September 26, 2017 | By | Reply More

‘Back Issue’ has reached its centenary issue and, with a few extra pages, the focus is on the American fanzines, both amateur and pro. There is a look at ‘The Comic Reader’ and ‘Squa Tront’ which focuses on EC Comics to start with. The one I was most interested to read was an interview with Bob Overstreet, him of ‘The Buyer’s Guide For Comic Fandom’. Although this is pretty much Overstreet’s history and does he have a collecting habit away from comics, I wish we had some of his views on how prices were assessed and whether they are getting too expensive. Even in the UK, people tend to use the pristine mint price to gauge a comic’s cost than the condition which is missing the whole point of the grading outside of the people who have them professionally graded.

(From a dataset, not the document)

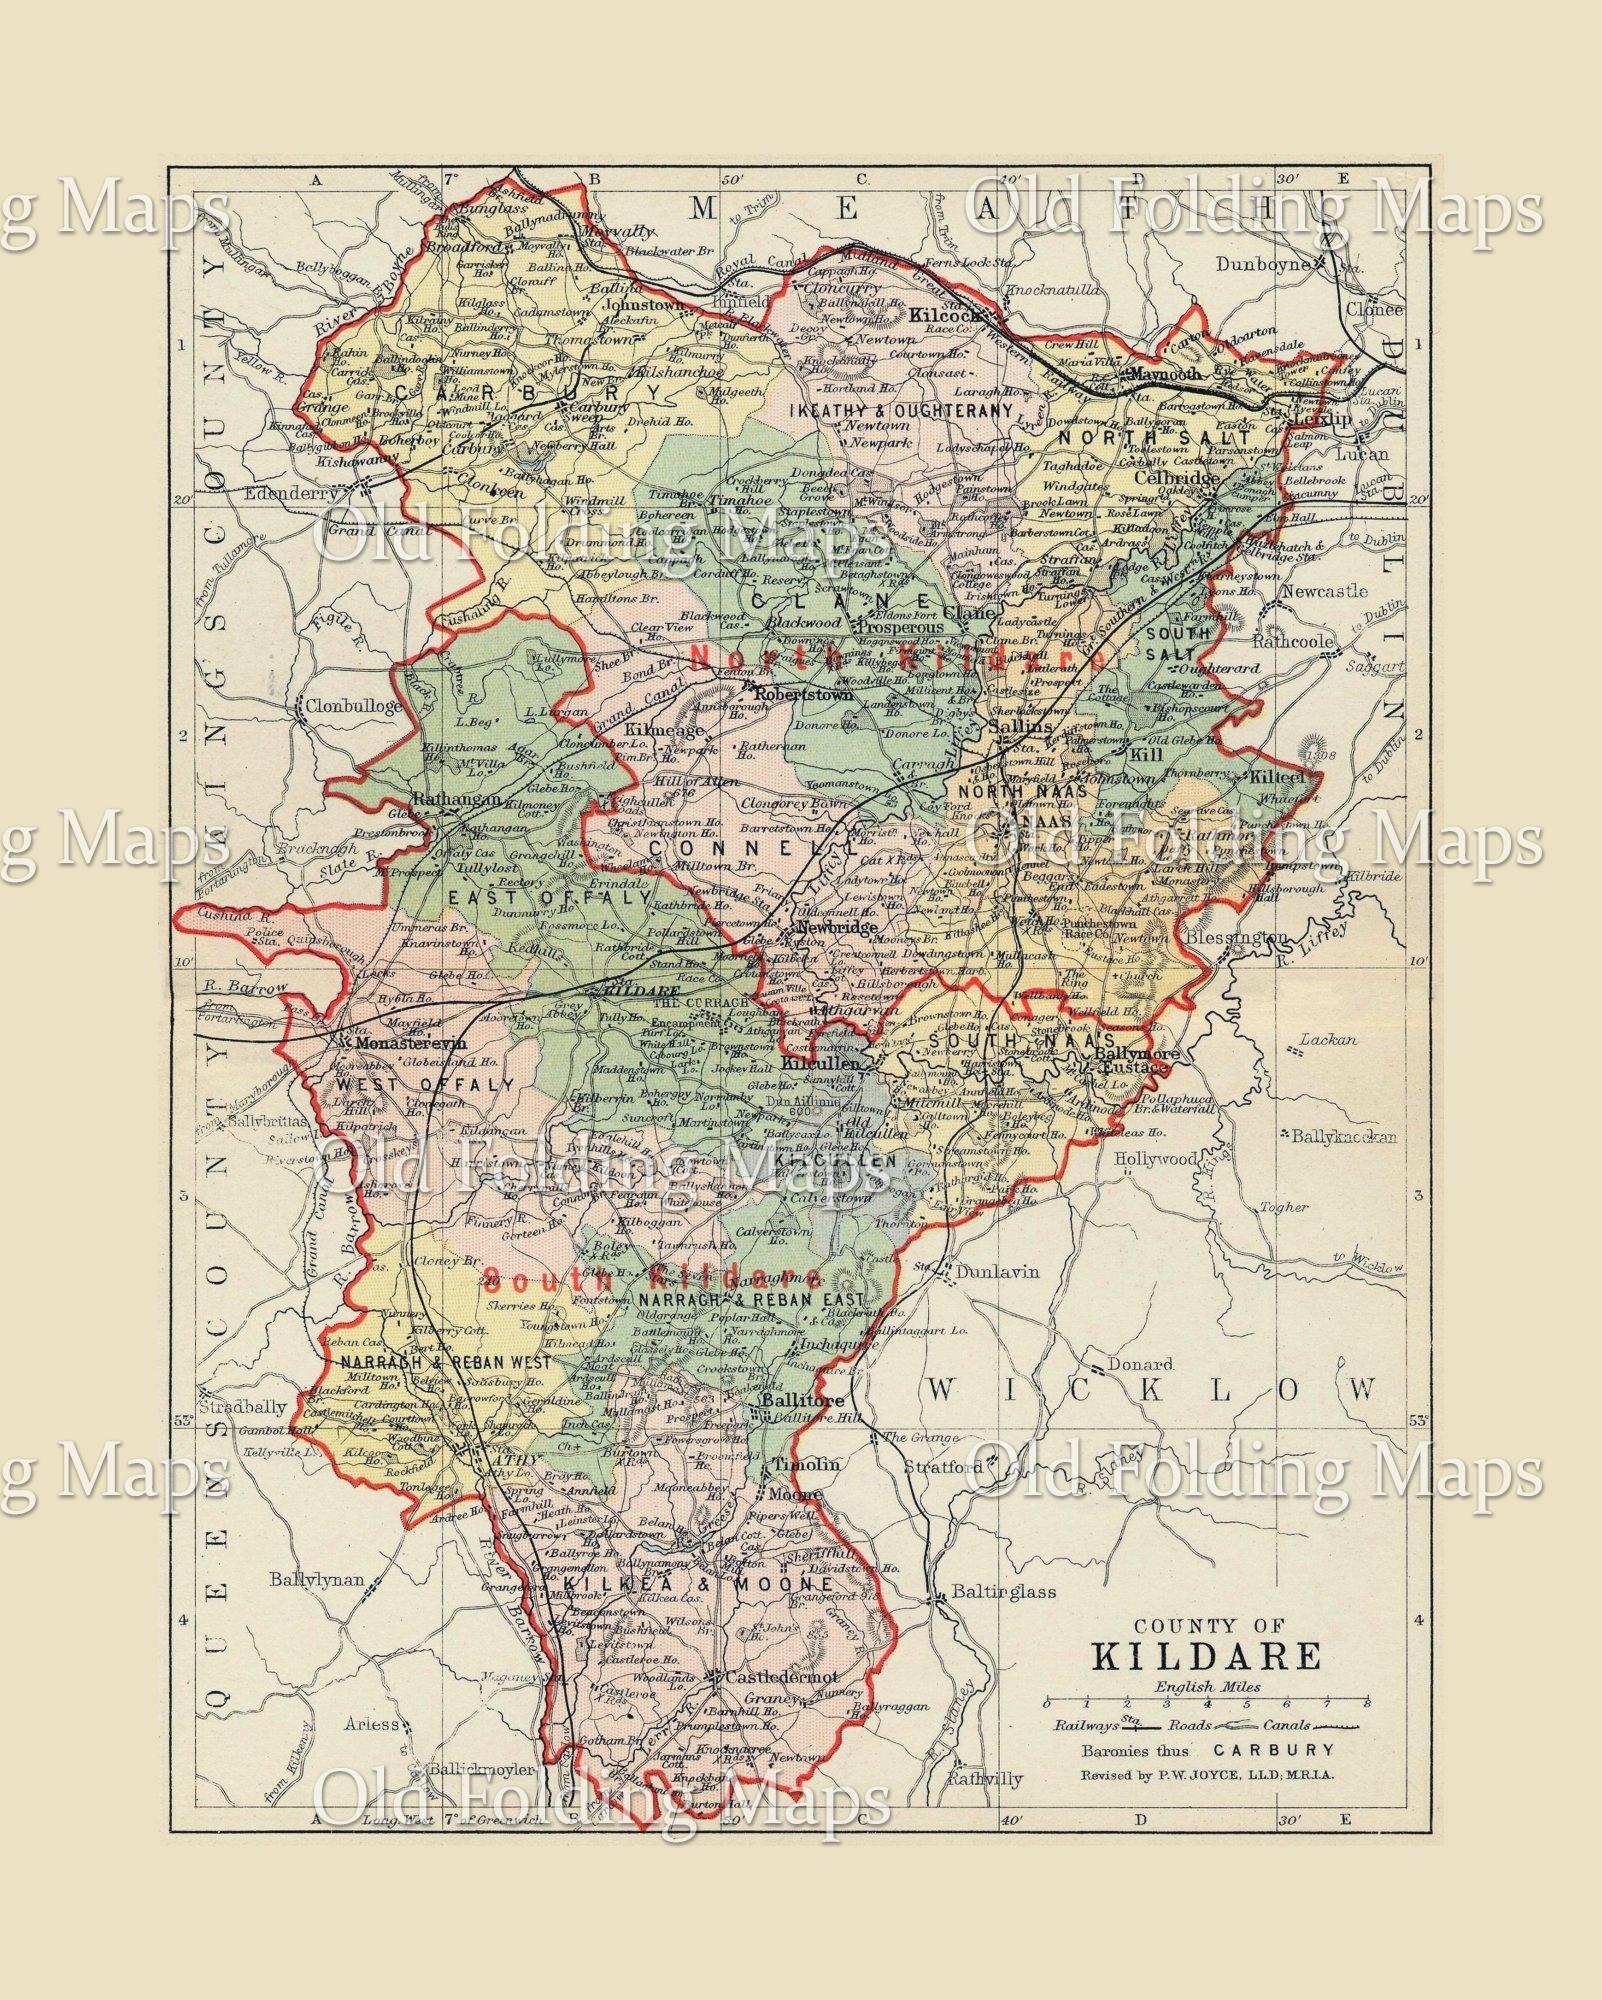 Antique County Map Of Kildare Ireland Circa 1884

Probably the biggest in-house fan mag from the 1980s was ‘FOOM’ and reading about its tiny budget and the musical chairs with editors passing through stirred up a lot of memories. I still have my copies up in the attic. One of the strongest memories is a Mike Ploog backcover of the Ghost Rider on a real hog. It’s a shame it was never used in the comicbooks but I doubt if it would have been able to do any stunt flips.

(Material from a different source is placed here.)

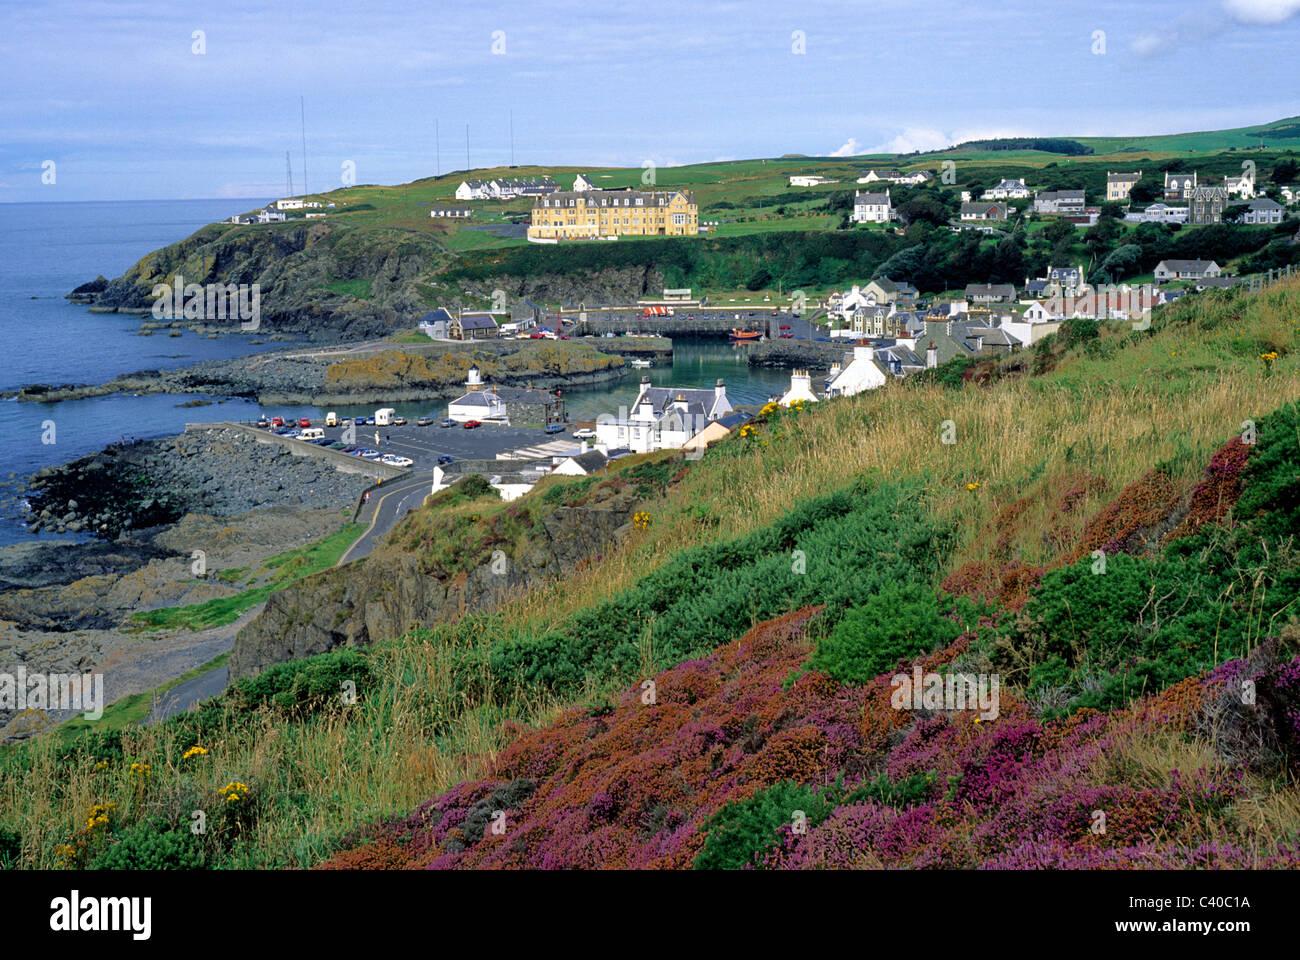 Portpatrick, Dumfries and Galloway Region, Scotland Scottish coast

The look at ‘The Amazing World Of DC Comics’ stirred similar memories, although I only managed to get fewer of their issues, the highlight being # 9 as it brought me back to speed with the Legion Of Super-Heroes as I started buying comics again in the mid-1970s. Oddly, the one back cover they fail to mention is the one of the Metal Men, which is always a favourite. The follow-up piece about the 1976 DC Comics Convention shows problems could happen back then as well. Reading about the DC Comicmobile and the regulations that had to be passed to sell comics on the street in different New York suburbs was interesting. Bob Rozakis learnt a lot about fan tastes and it’s a shame that the management didn’t use the info.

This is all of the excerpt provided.